- Cleveland Clinic
- Married couple Ken and Jane Gremling were diagnosed with breast cancer within months of each other.
- Both had mastectomies and have an excellent prognosis, according to the Cleveland Clinic, where they were both treated.
- Both cancers were caught early: Ken brought up his concerning symptoms with his family doctor right away, and Jane never missed her annual mammogram.
Late last year, Ken Gremling noticed a lump in his chest and bleeding from his right nipple. He didn’t think much of it at the time, but he alerted his family doctor about the symptoms anyway.
Later, after the lump was surgically removed, Ken, 75, found out he had breast cancer.
That was a surprise enough on its own, as breast cancer is far rarer in men than it is in women. According to the American Cancer Society (ACS), the lifetime risk of a woman developing breast cancer is 1 in 8; for a man, it’s 1 in 833.
But there was another shock in store: Six months after Ken’s diagnosis, his wife Jane, 66, found out she had breast cancer, too – also in her right breast.
“We’ve been married almost 47 years. We share everything,” Jane told INSIDER. “But this is getting to be a little much.”
The Gremlings’ story was first published online by the Cleveland Clinic – where both received treatment for their cancers – on Tuesday. Both Jane and Ken, who work in real estate together, have an “excellent” prognosis for recovery, the Cleveland Clinic reported.
INSIDER spoke with Jane, Ken, and their oncologist to learn more about their extraordinary story.
Jane and Ken Gremling both got mastectomies
- Cleveland Clinic
At first, a biopsy on Ken’s lump came back negative for cancer. But his nipple continued to bleed, so he went back to his doctor. It was only after the lump was fully removed and sent to a pathology lab that Ken’s cancer diagnosis was confirmed. He had a single mastectomy to remove his breast tissue on the right side.
Jane’s cancer was caught during her annual mammogram.
“I went for my regular checkup – I’ve gone every year for 30 years. And I didn’t think anything of it because nothing’s ever come up,” she said.
That scan was different though. Jane ultimately learned she had three tumors in her right breast that she hadn’t been able to feel them. A doctor told her she’d need to have the tumors removed surgically, and asked if she knew of any breast surgeons she’d like to see.
Luckily – thanks to Ken’s experience – she did. Jane also got a single mastectomy from Cleveland Clinic’s Dr. Zahraa AlHilli, M.D., the same surgeon who operated on her husband.
Both Ken and Jane are now taking the breast cancer medication Tamoxifen for the next five years, and so far, they’re “feeling great,” Jane said.
Their paths will diverge slightly in the coming weeks: In late October, Jane is scheduled to have a breast reconstruction surgery. Ken decided not to undergo a similar procedure.

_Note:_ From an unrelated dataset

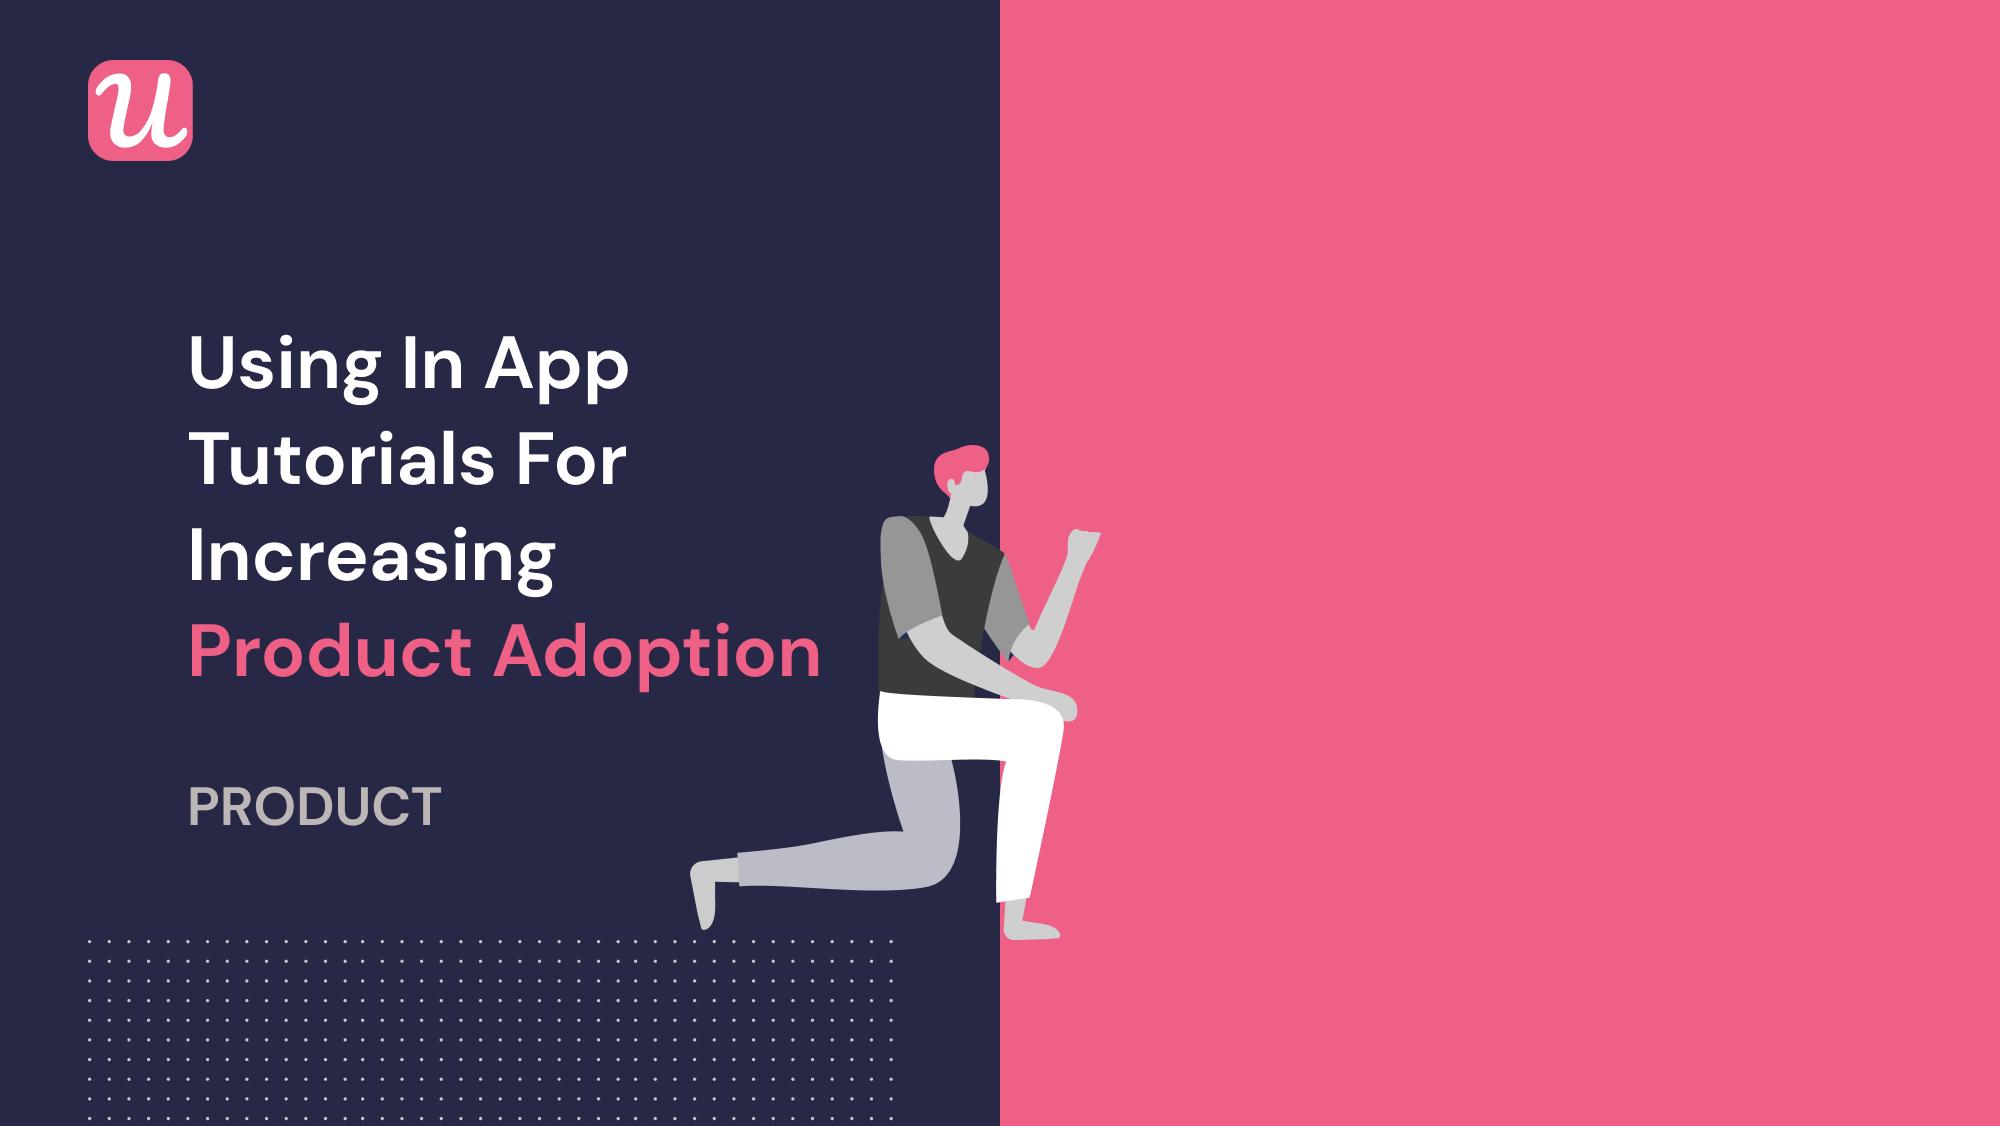 in app tutorials

“I’m not having any kind of reconstruction. I’m 75 – I could care less,” he said. “So I’m kind at a loss there, but up to this point I think I’ve been a help [to Jane.] She would have questions about a lot of the stuff I went through, and I would help her.”
Their story reinforces the importance of early detection
- Cleveland Clinic
Neither Jane nor Ken needed chemotherapy or radiation because each of their cancers was caught early, Cleveland Clinic breast oncologist Dr. Jame Abraham, M.D., who treated both Gremlings, told INSIDER.
“In the early stages, breast cancer is highly treatable,” he said.
For women, mammograms can help catch cancer before it spreads to other parts of the body. The test isn’t perfect – it may miss some cancers, and there is some risk of anxiety-inducing false positive results. But the American College of Obstetricians and Gynecologists still recommends that women at average risk for breast cancer get mammograms every one to two years starting at age 40.
And men should be aware that they can breast cancer, too, Abraham explained.
“If they have any symptoms, they should seek care,” he said.
Lumps are the most common symptom of breast cancer, according to the ACS, but it’s also possible to have breast swelling; breast or nipple pain; a nipple that’s turning inward; red, scaly, or thickening breast or nipple skin; and any nipple discharge that’s not breast milk.
Abraham also lauded the Gremlings on their positive attitude throughout their shared breast cancer ordeal.
“We connected on a personal level on our first visit,” he said. “It’s amazing how they are dealing with this diagnosis.”
“I just said, ‘We’re going to beat this.’” Jane said. “We’ve been through a lot of things in our life. This is just another thing we’re going through.”